I am currently studying about cache miss and trying to collect data of cache miss rate.The machine I am using has a Xeon Silver 4114 processor with a Skylake SP microarchitecture.
Some suggests that miss rate can be calculated by dividing OFFCORE_RESPONSE_0_DATA_IN_LOCAL_DRAM with the sum of MEM_INST_RETIRED_ALL LOADS and MEM_INST_RETIRED_ALL_STORES but I failed to find OFFCORE_RESPONSE_0_DATA_IN_LOCAL_DRAM, I found a counter called OFFCORE_RESPONSE_0_OPTIONS and the MSR value for DATA_IN_LOCAL_DRAM but the result I get is always zero.
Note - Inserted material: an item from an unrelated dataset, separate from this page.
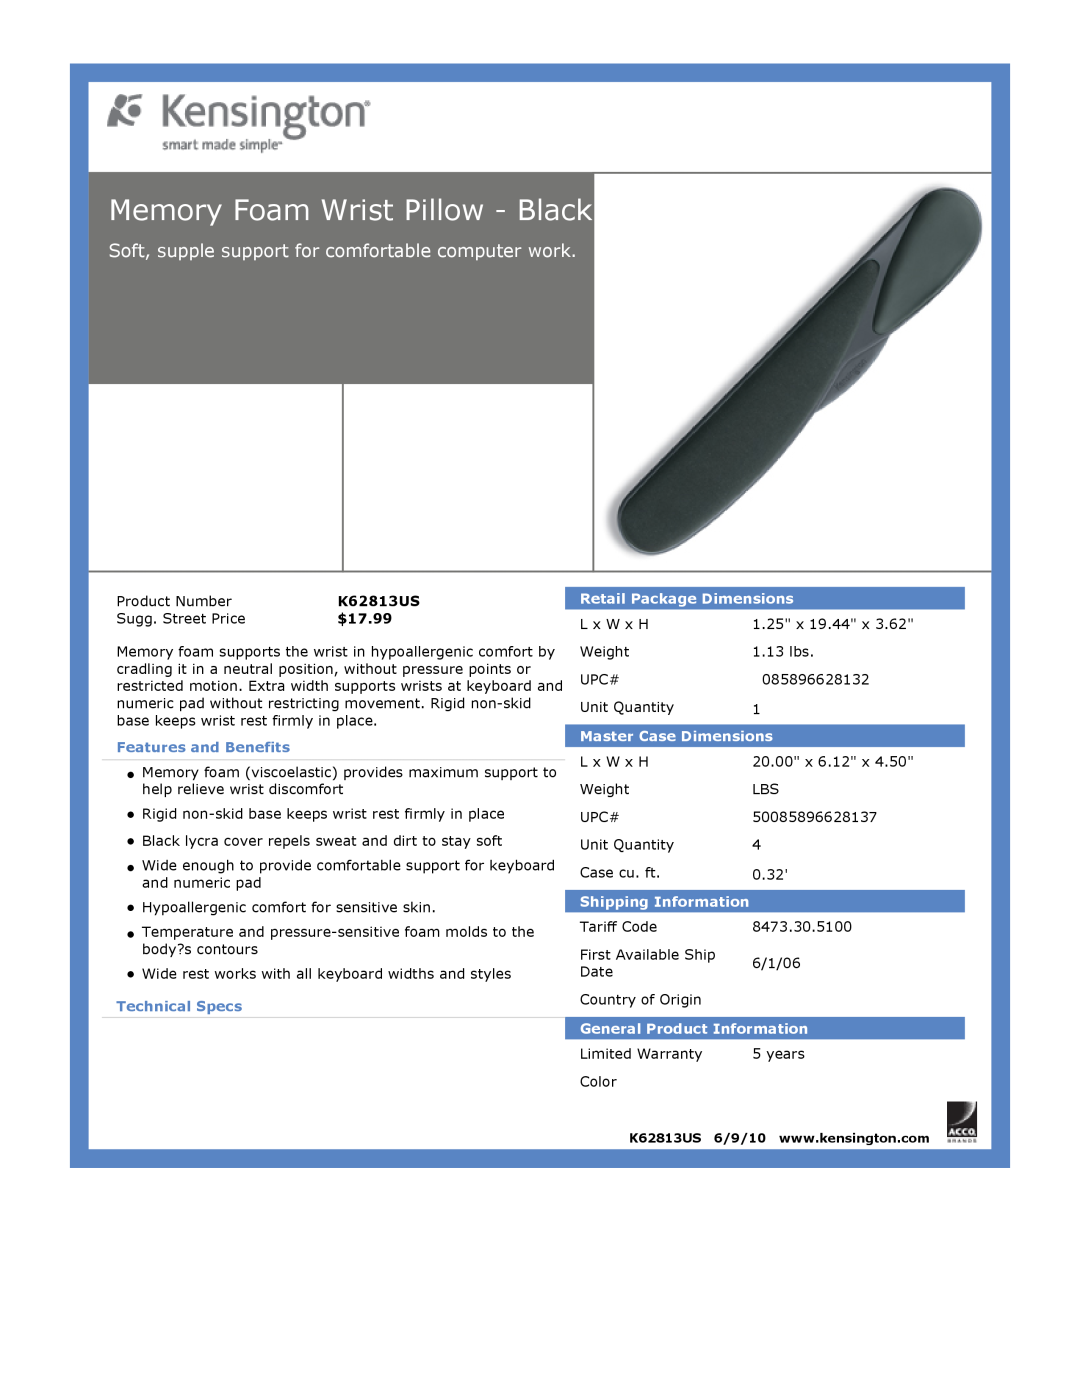 Kensington EU64325 dimensions Memory Foam Wrist Pillow - Black, $17.99, Features and Benefits, Technical Specs

I am using Stream as the testing program and likwid to collect hardware counters.
I check several forums for the answer and some suggests that Skylake Xeon has a very different flow because of the non-inclusive L3, so I am also wondering if I have to find some other ways to get the miss rate.
Is there any reference I can read or any tools I can use?
You need to be very clear about what you mean by "cache miss rate". There are lots of complications....
When I am working with STREAM and cache hits and misses, I usually just read the memory controller counters for cache line reads and writes and compare the numbers to the values I expect to see (assuming no re-use of the main STREAM arrays in any level of the cache). These are not "rates", they are just counts of cache line transfers. This has the advantage of not requiring counting on all cores, but has the disadvantage of not providing any insight into what is causing the memory accesses. (Not a problem with STREAM, since I know what causes the memory accesses, but often a problem when dealing with someone else's code.)
I have not tested the OFFCORE_RESPONSE events on SKX processors. They are generally tricky to program. The three places I look for examples are:
From the last site, the table at https://download.01.org/perfmon/SKX/skylakex_offcore_v1.10.tsv lists potentially useful values for the auxiliary MSRs to use with the offcore response events. One set of events that seems close to what you want would be:
Thank you very much for your advice Dr. Bandwidth! I tried the offcore_response.all_data_rd.l3_miss.snoop_miss_or_no_fwd counter you mentioned. I tested your STREAM program and use perf to check the counters. However the results seem to vary a lot from run to run(sometimes as much as 50%). In comparison, the counter OFFCORE_RESPONSE_0_DATA_IN_LOCAL_DRAM used in previous machine has little variation. The load and store counts are similar from run to run. The running time also varies but not as much. Do you know reasons for this variation? Is it because there is non-determinism in the cache policy on the new machine?
I have not experimented with any of the offcore response counter options on SKX, so I don't have any expectations about whether they should be trusted....
There is certainly a great deal of non-determinism in Intel processors (especially with regard to hardware prefetching), and it is likely that this is increased in the SKX generation. I would not expect this to have much influence on the offcore response event listed above, but it is not uncommon for performance counter events to have bugs whose magnitude depends on dynamically-adjusted behavior.
The most common example of dynamic variation in counts occurs with "demand read" events, which can be very low (if prefetching is aggressive), or high (if prefetching is disabled or if the access pattern is one that cannot be prefetched).
The event that you selected should be counting both demand and prefetch loads, so the split between the two should not matter.
An alternative dynamic mechanism that may apply here relates to bypass paths -- some data transfers can use either the "normal" (queued) data path or a "bypass" path, and in some cases these must be counted separately. There have been cases where no event to count traffic on the bypass path was provided (e.g., Sandy Bridge EP), requiring disabling the bypass path to obtain accurate measurements
You mentioned that you see large variations in this count --- how do the counts compare to the expected values?
When I want to use external (whole-program) counters with STREAM, I typically increase the NTIMES variable from the default of 10 to 100. This reduces the relative overhead of the setup and validation steps, so the simple estimate of expected traffic is closer.
When compiled with streaming stores, the expected number of cache line reads and writes for a run of STREAM is
CAS.READS = STREAM_ARRAY_SIZE * (6 * NTIMES + 1 + 3) * sizeof(STREAM_TYPE) / 64
CAS.WRITES = STREAM_ARRAY_SIZE * (4 * NTIMES + 3) * sizeof(STREAM_TYPE) / 64
Here the "6" is the number of explicit reads in the four STREAM kernels, "1" is the number of reads in the initial timing granularity check, "3" is the number of reads in the result validation code. There are "4" explicit stores in the four STREAM kernels, and 3 explicit stores in the initialization section. (The latter may or may not actually happen, depending on horrible details of how the OS uses sneaky hardware features to instantiate pages.)